### TASK TO CARRY OUT
Reproduce the lines of the material exactly, excluding every image.

### DATASET SECTION

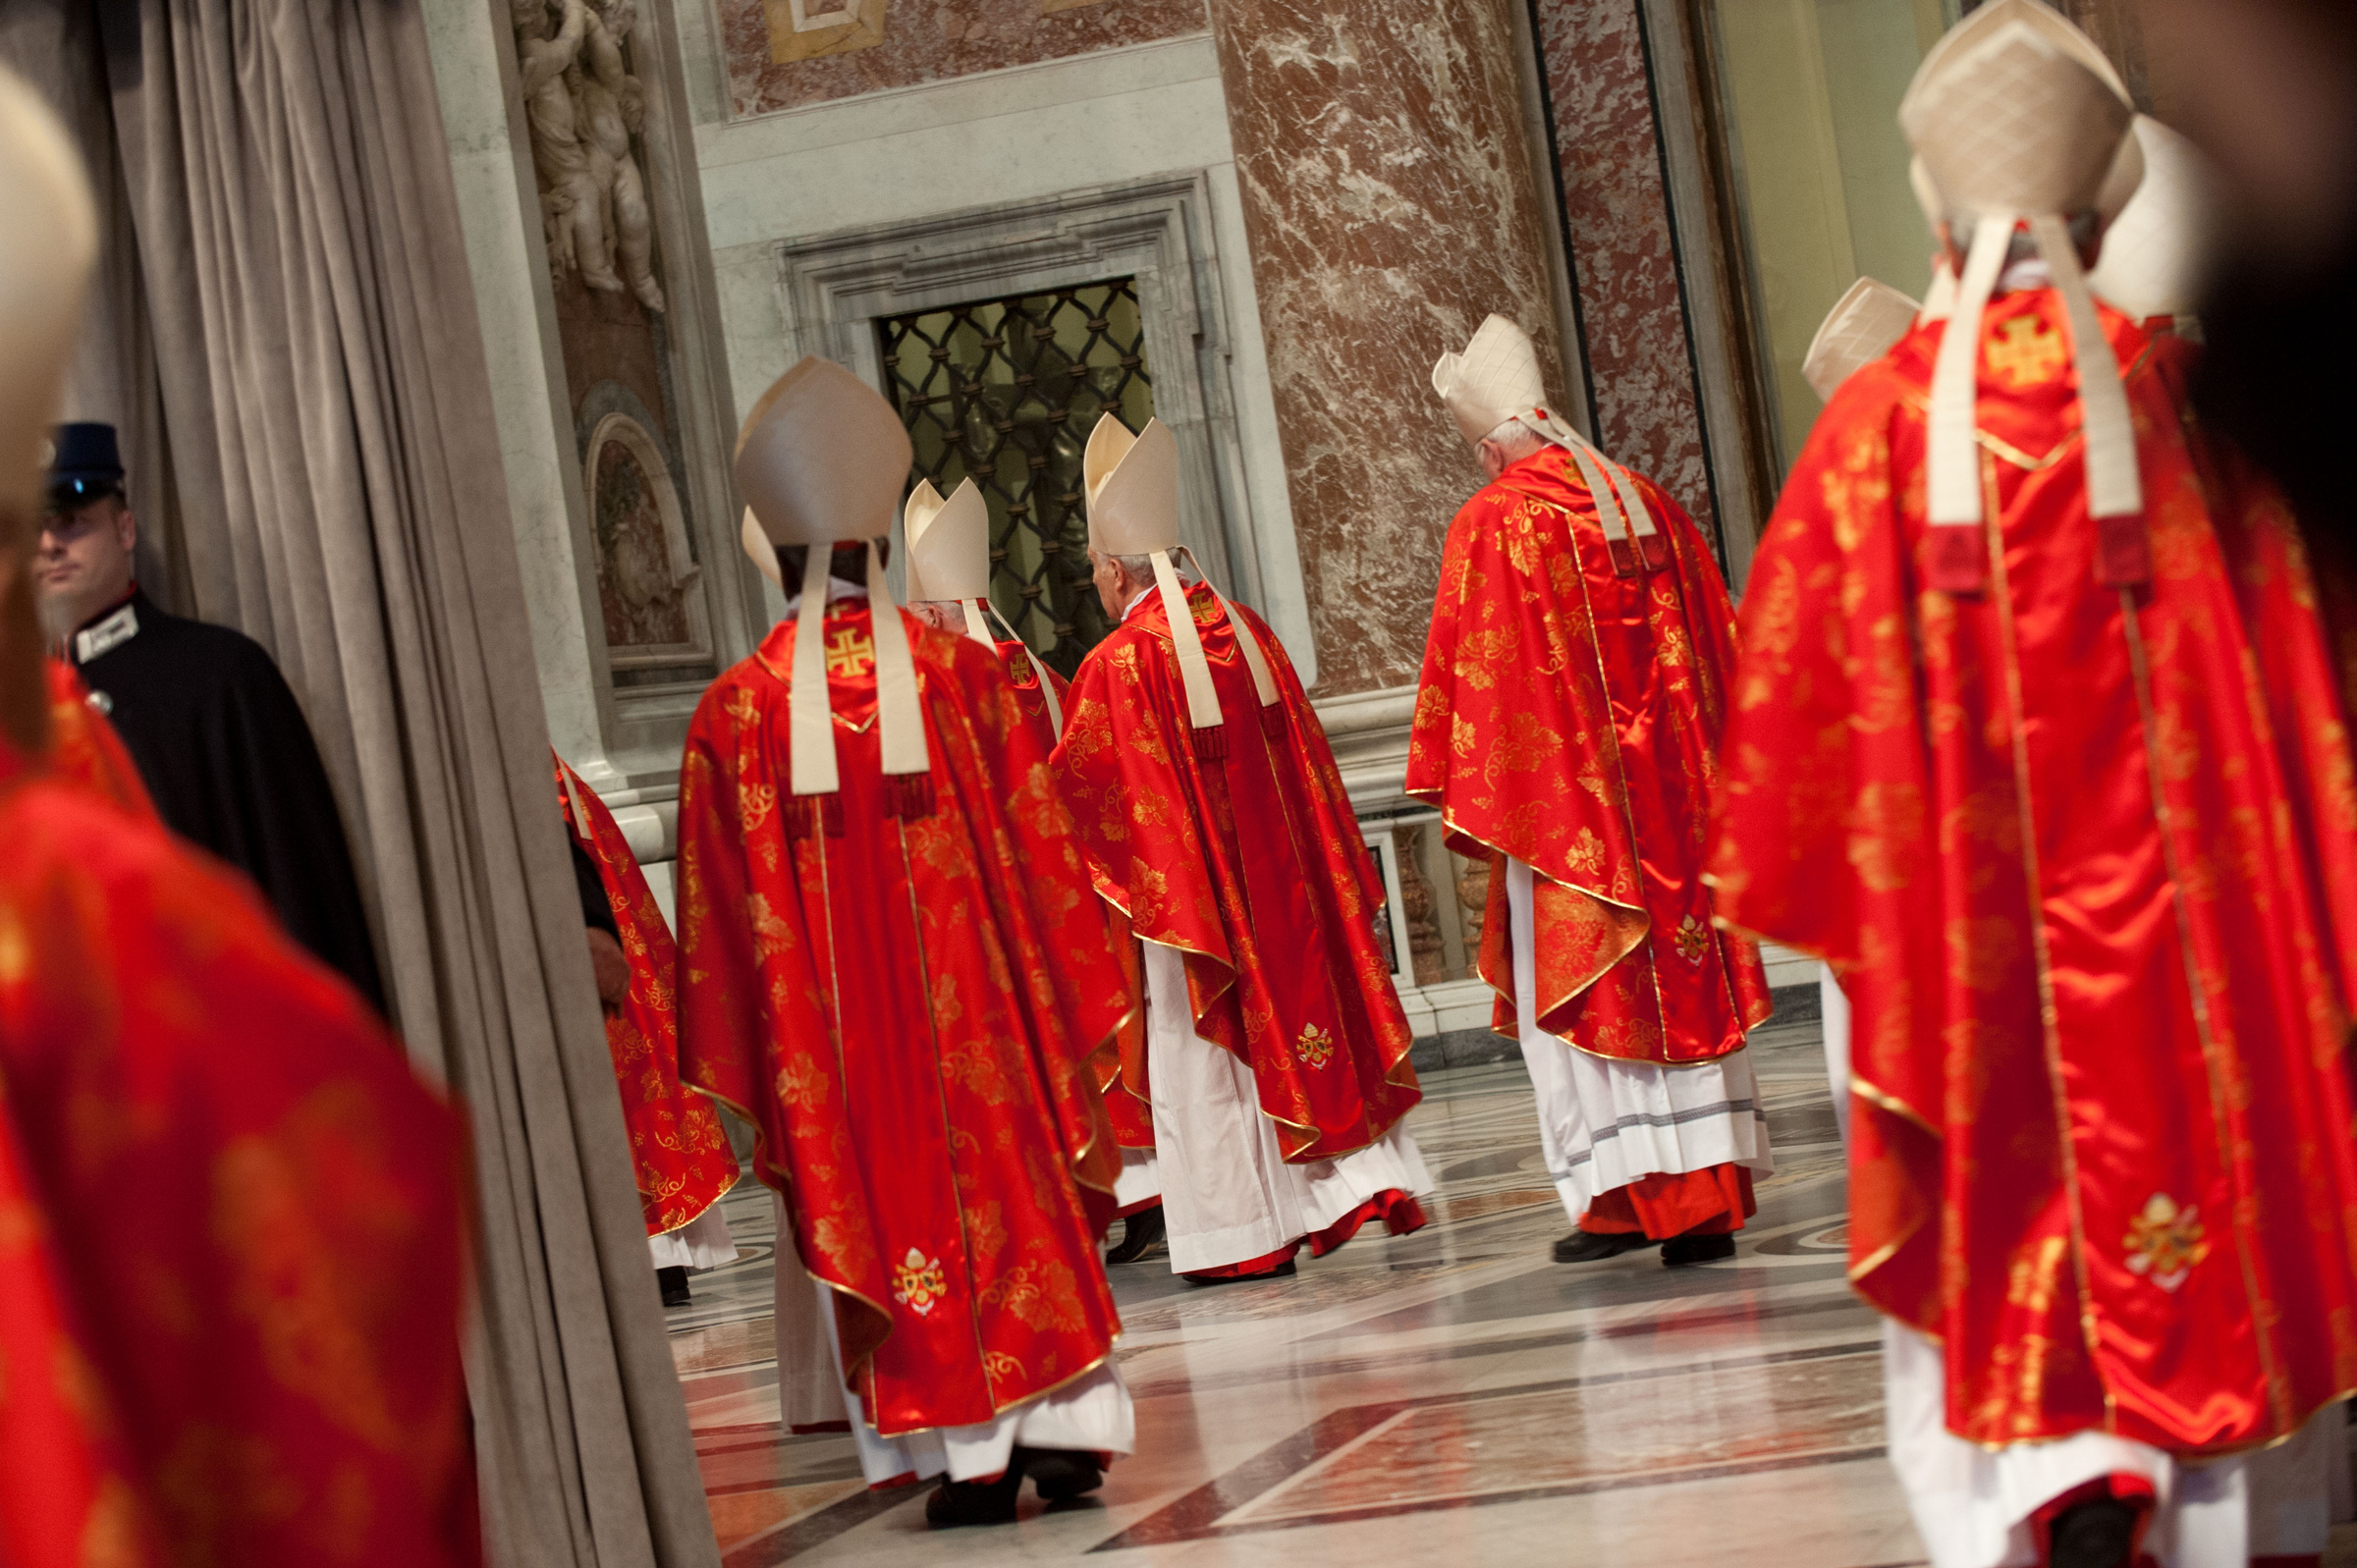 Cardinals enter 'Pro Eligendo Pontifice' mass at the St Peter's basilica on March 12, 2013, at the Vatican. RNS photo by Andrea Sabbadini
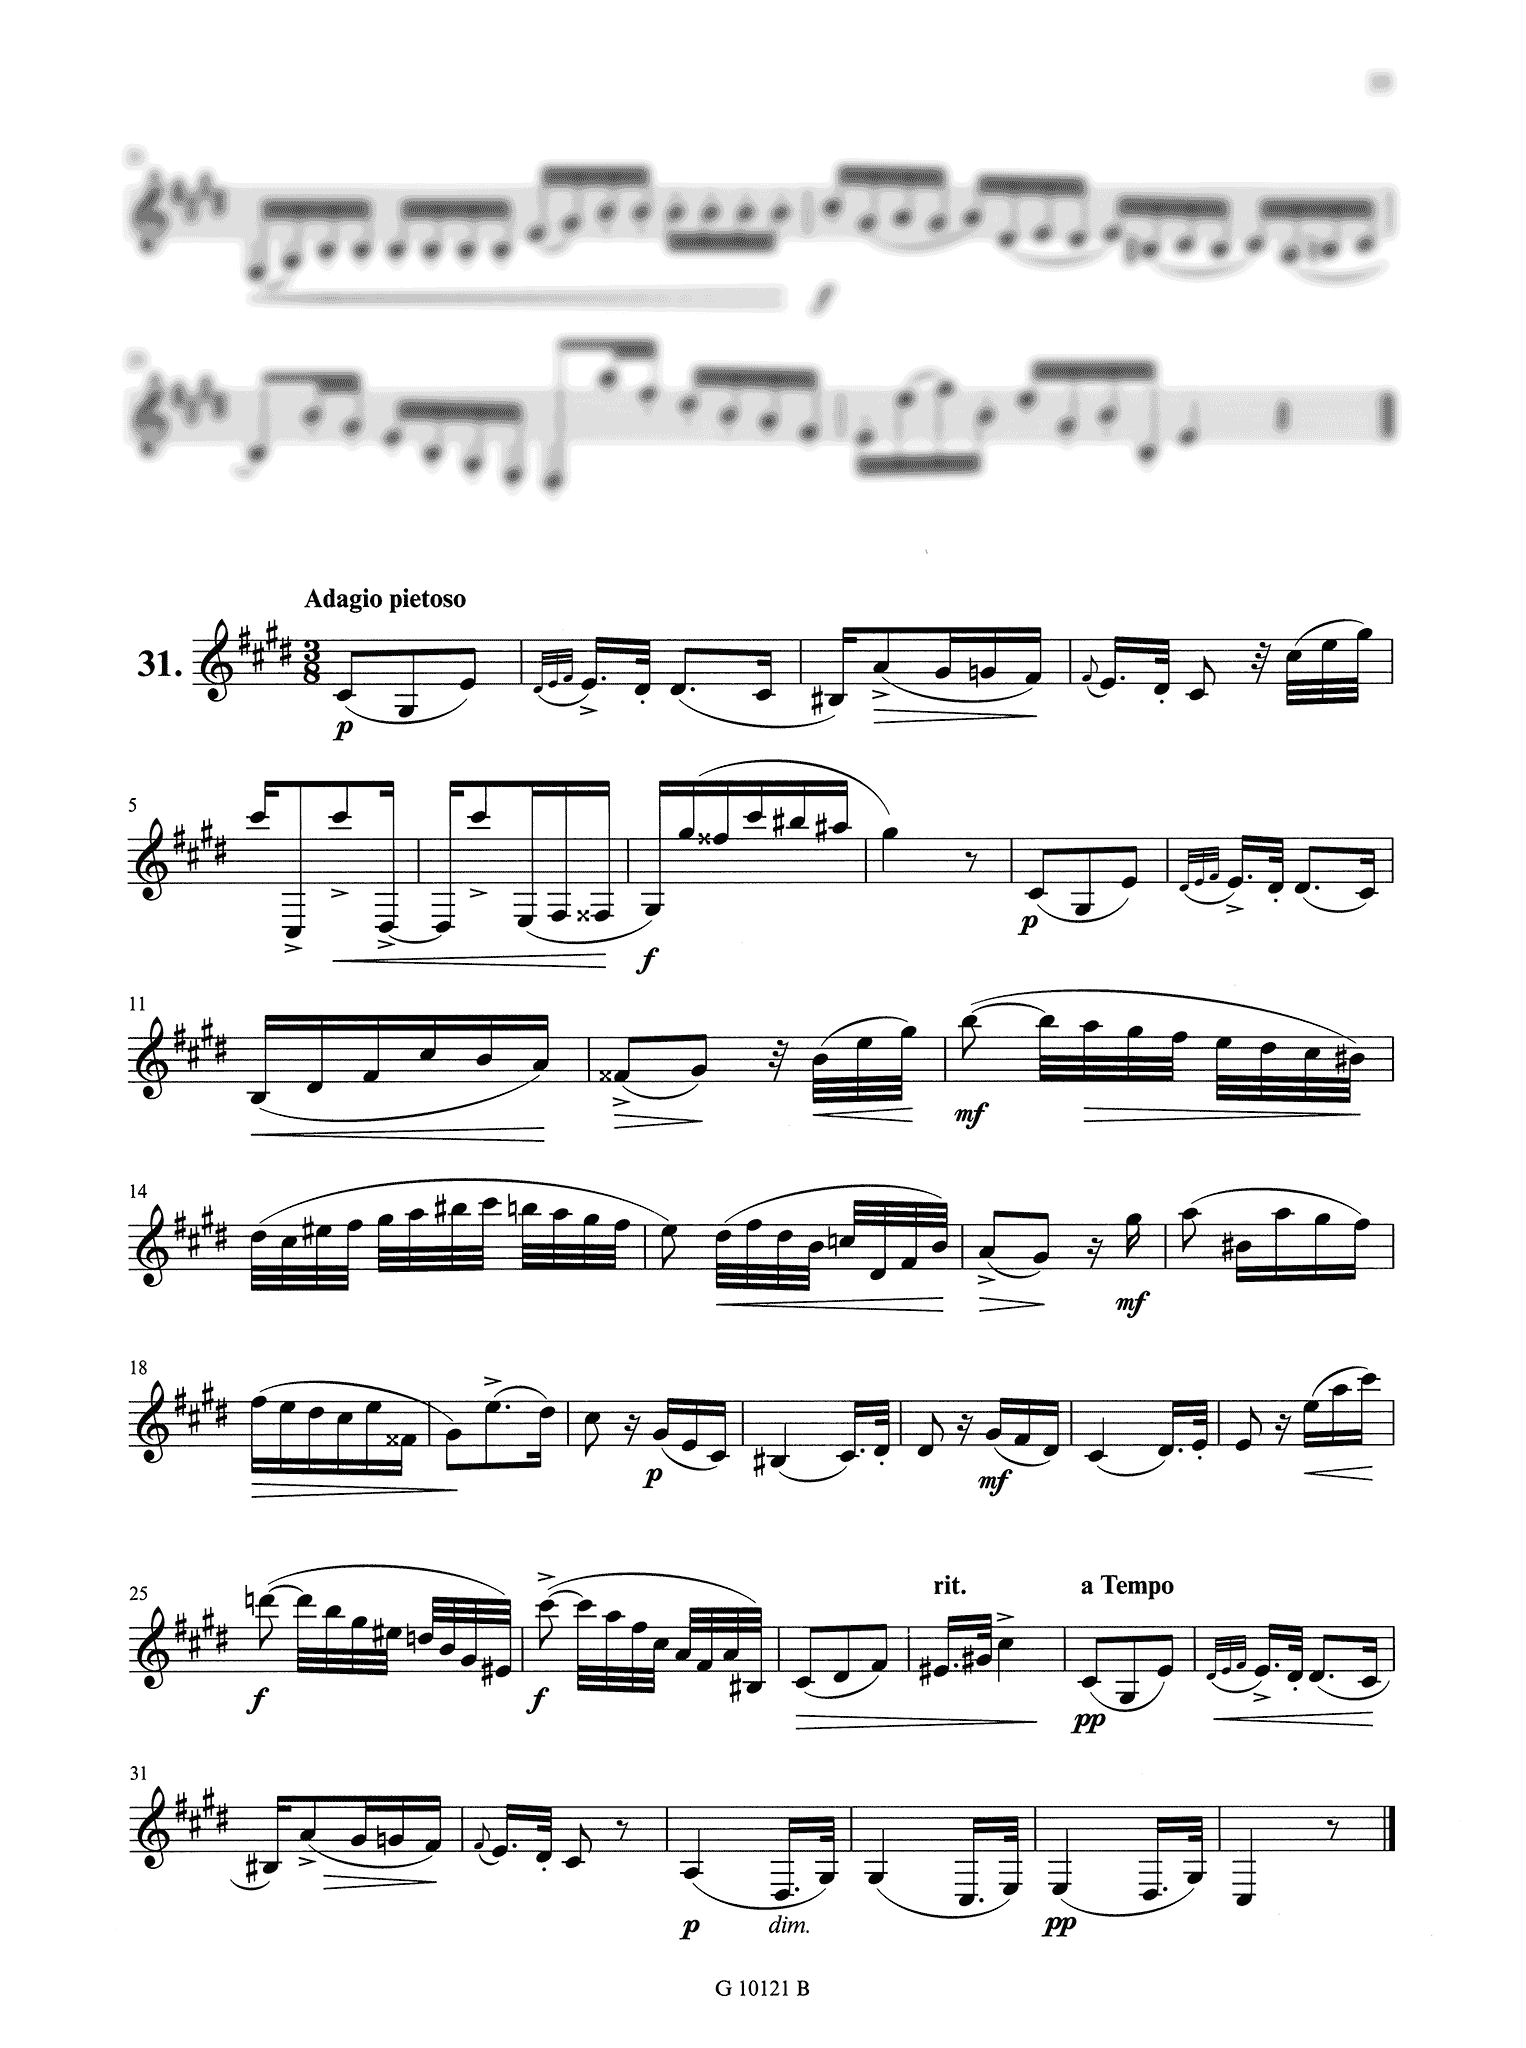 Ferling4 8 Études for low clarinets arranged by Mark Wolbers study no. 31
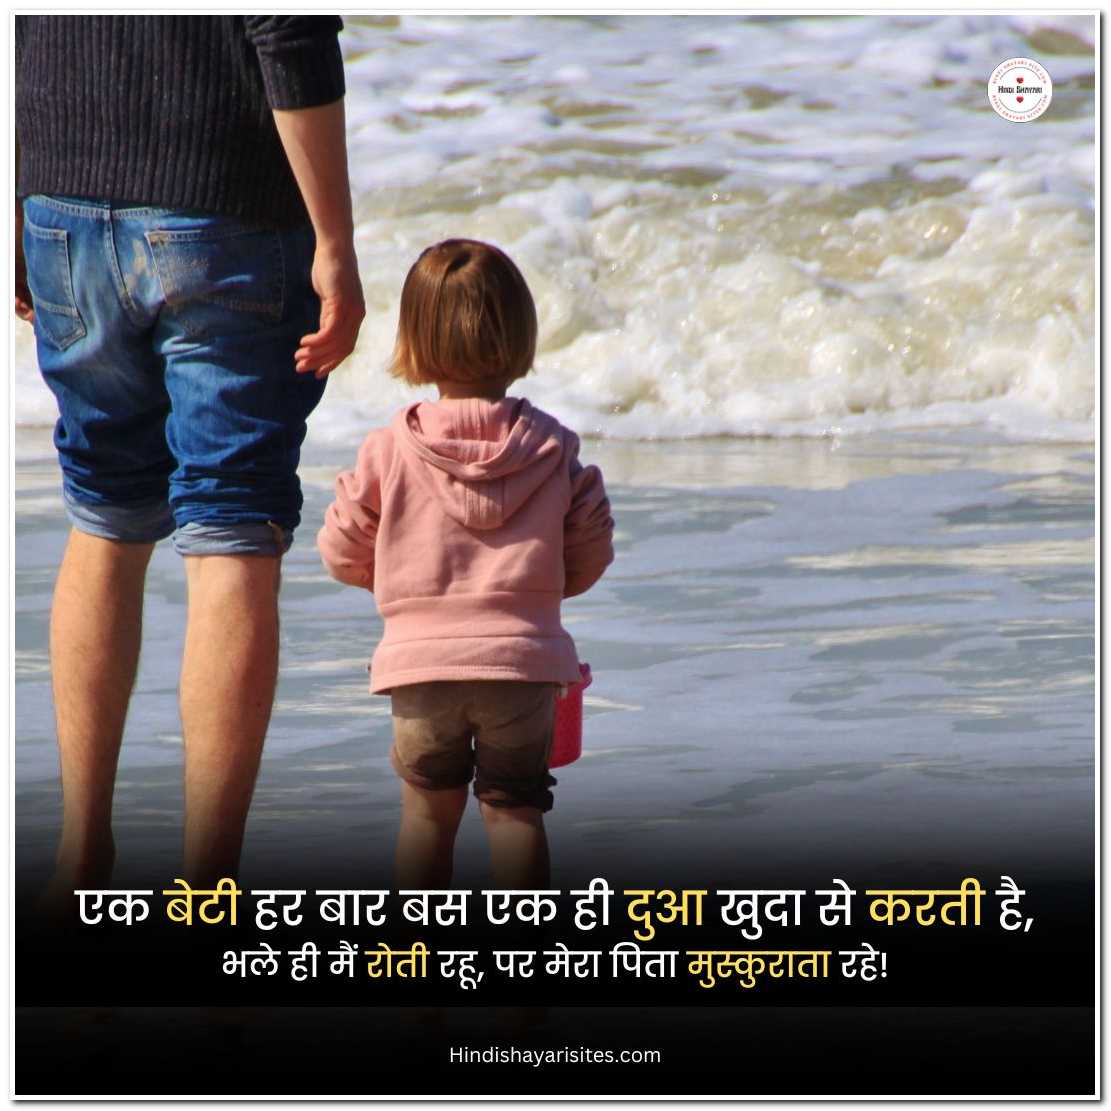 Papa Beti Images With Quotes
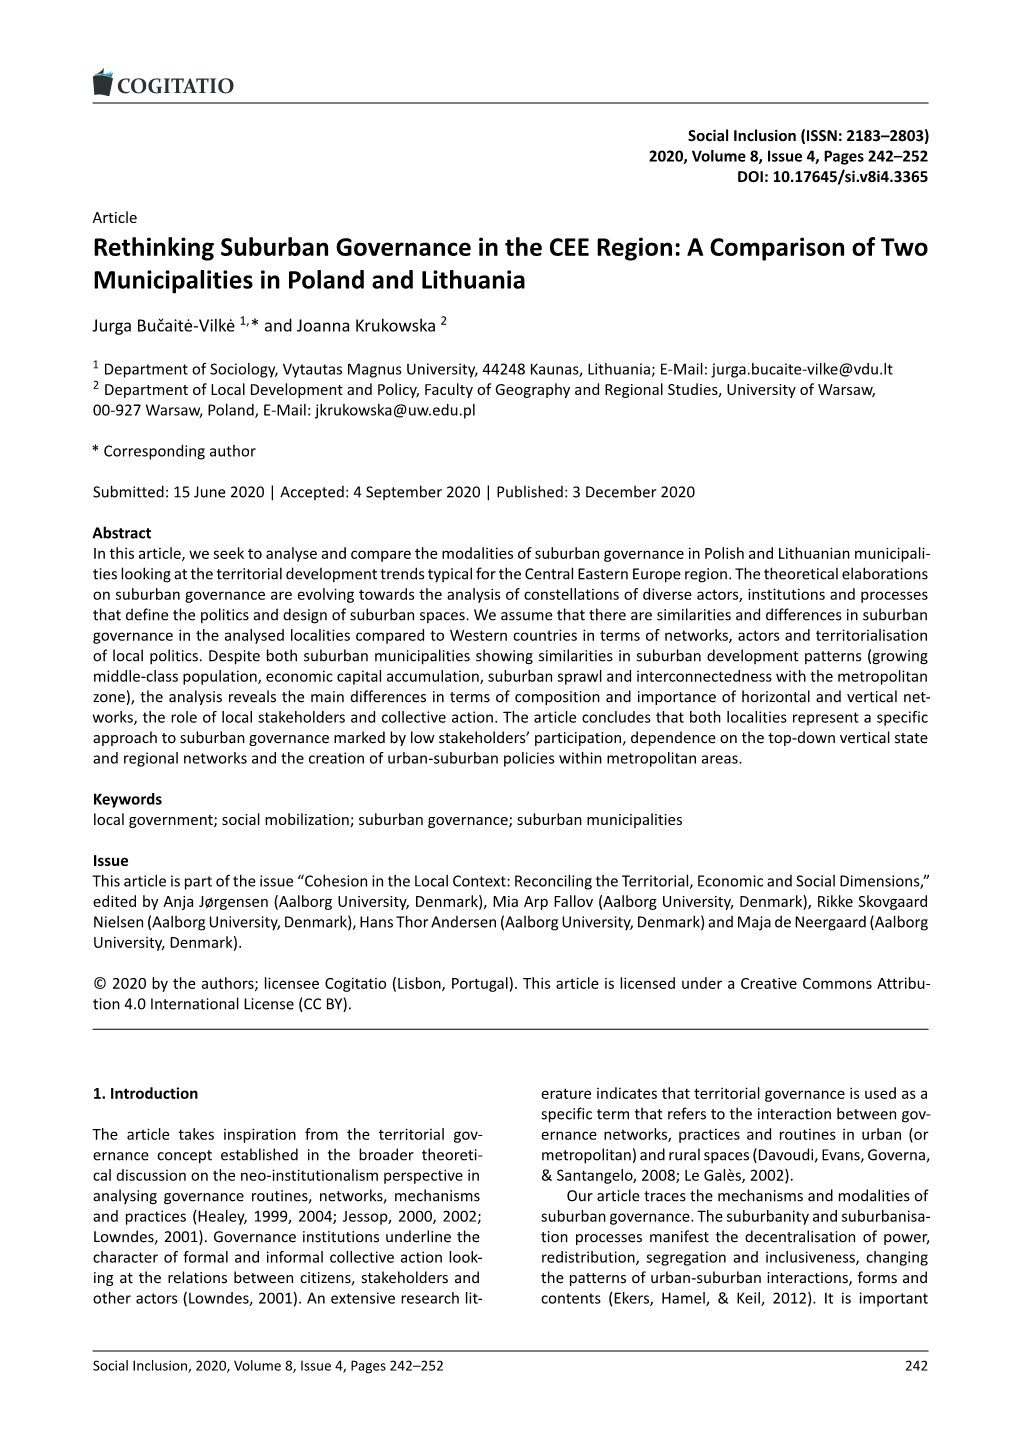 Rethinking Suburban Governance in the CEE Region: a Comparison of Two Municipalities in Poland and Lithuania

### FINISHED TASK
 Cardinals enter 'Pro Eligendo Pontifice' mass at the St Peter's basilica on March 12, 2013, at the Vatican. RNS photo by Andrea Sabbadini
 Ferling4 8 Études for low clarinets arranged by Mark Wolbers study no. 31
 Papa Beti Images With Quotes
 Rethinking Suburban Governance in the CEE Region: a Comparison of Two Municipalities in Poland and Lithuania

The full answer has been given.